By the end of the century, the Germans had disbursed and Eastern European Jews took their place. By 1900, our guide explains, the "Jewish East Side" was not only the largest Jewish community in the world but the most crowded place on the planet -- with a higher concentration of Jews even than back in the shtetls in Europe.
Our guide doesn't mention the small subgroup of Middle Eastern Jews. Their far more numerous European Jewish neighbors greeted these swarthy-skinned, Arabic-speaking immigrants with skepticism, sometimes outright disbelief, that they were really even Jewish. My Grandpa Abe was part of this first wave of Syrian Jews, arriving with his mother and three siblings in 1902 as an 8-year-old boy who didn't speak a word of English. His father had come two years earlier, selling dry goods door to door and on the streets with a pushcart, until he saved enough money to send for the family. They lived for a time just a few blocks from here on Hester Street, in a two-bedroom apartment on the fourth floor (because rent was cheaper than on the lower floors), with a potbelly stove for heating and cooking, a sink in the hallway shared all four apartments on that floor, and an outhouse behind the building. Eventually they moved to Brooklyn, to the Syrian-Jewish neighborhood that thrives and expands to this day.
“The end of of a community like Little Italy or Little Germany means its success,” our guide says, "because they've moved up." For most immigrant groups, I can see this is true. The curious thing about the Syrian Jews is that they measure success precisely by their resistance to assimilation. Financial success has made the community more self-sufficient, more contained – more like a hive of bees, functioning together as a unit, than individuals making it on their own.

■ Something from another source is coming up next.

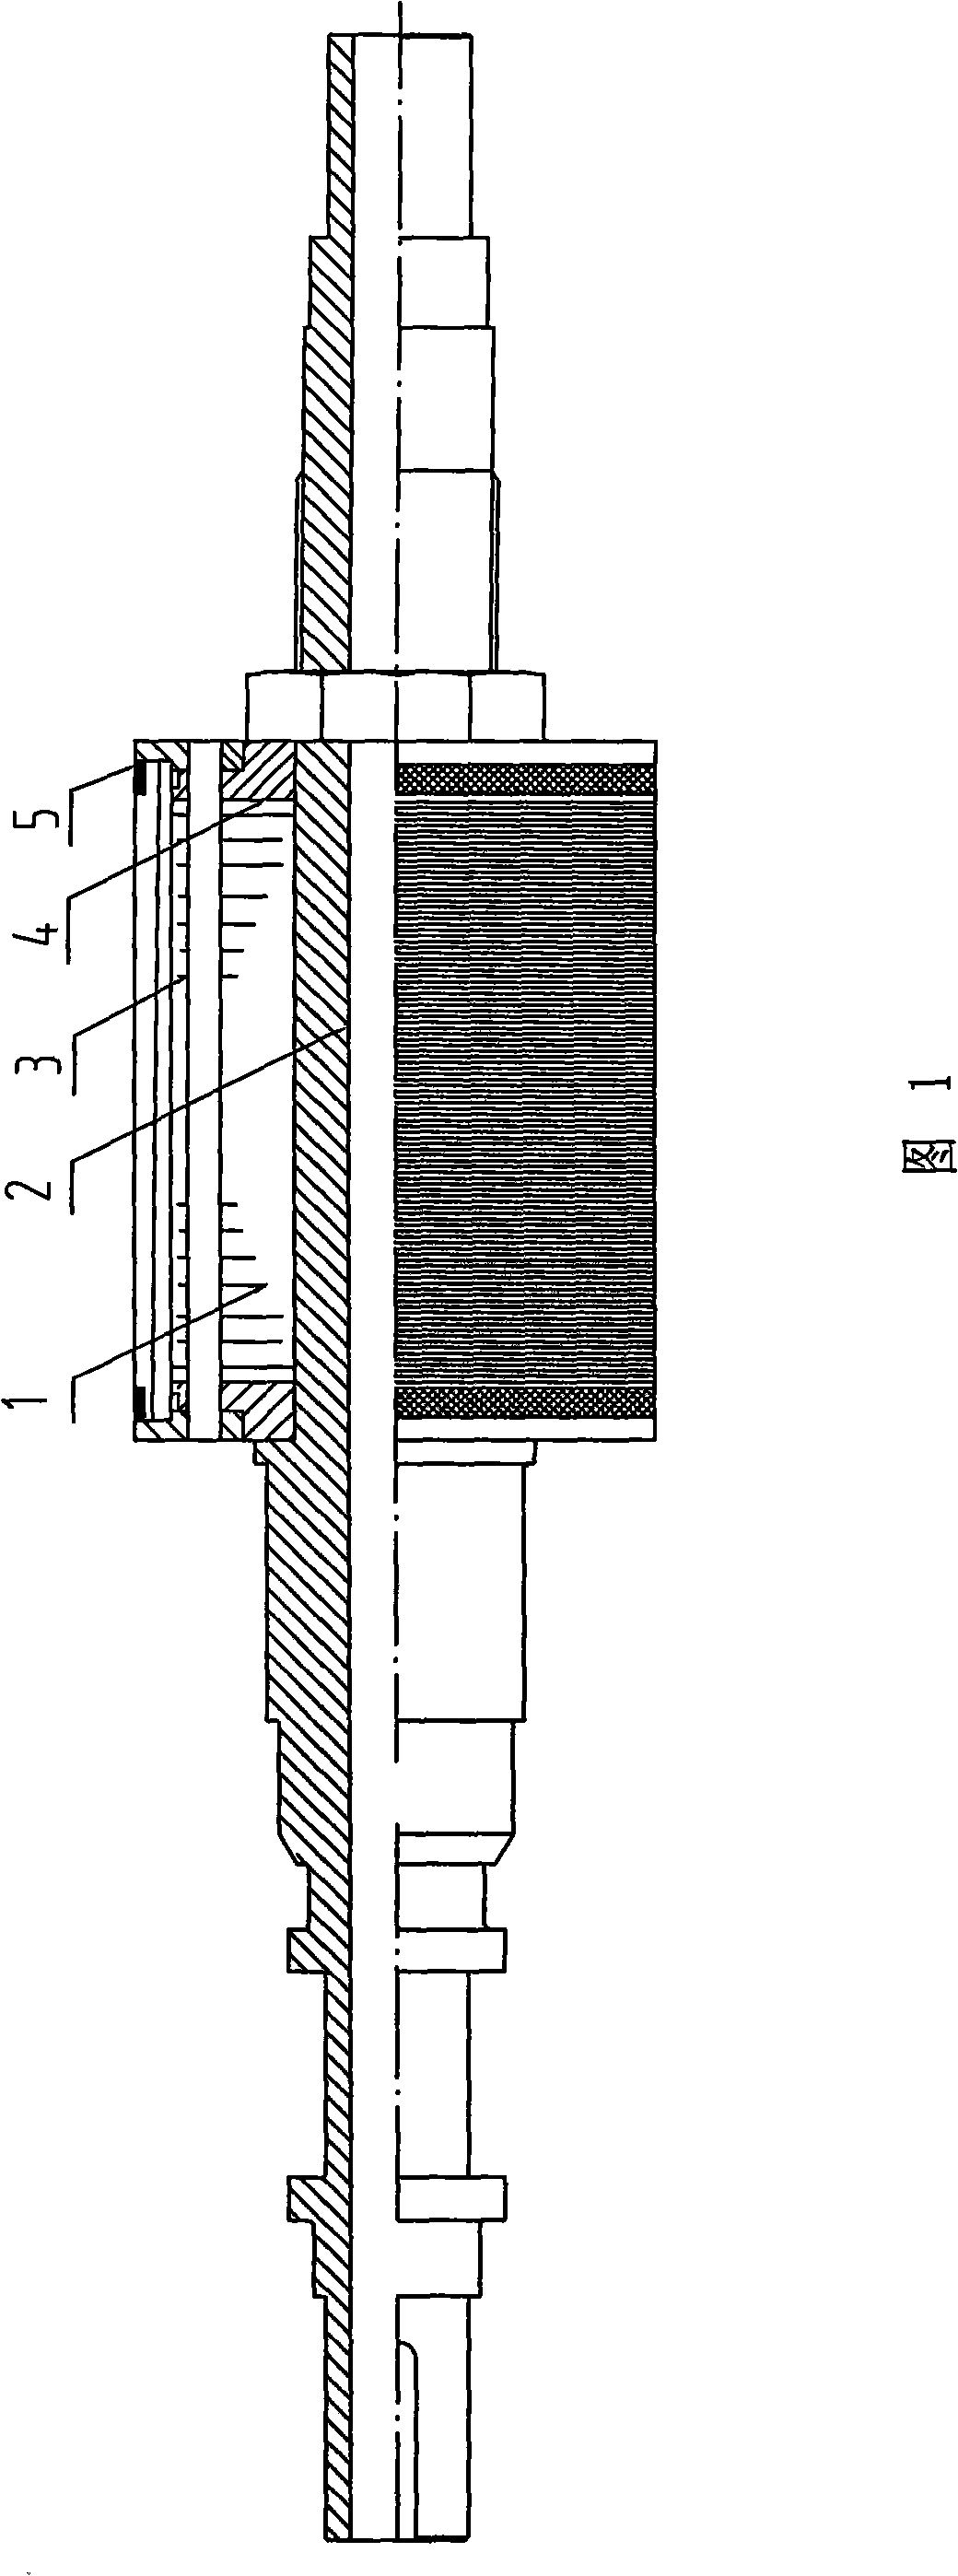 Laminated rotor for high-speed motor

On the way back to my hotel I call Mom and Dad, who have just arrived in Maryland from Florida for the summer. My family's migration to this country once took them across oceans and continents. At this point in their lives, my parents have the migratory path of birds: south in the winter, north in the summer. This is good. I give Mom as vivid a sense as I can of the sights, sounds and tastes of my trip. To Dad I give a description of the talk I'll be doing tonight at the Safra Synagogue. I'll take him with me in spirit. Wish I could take him physically.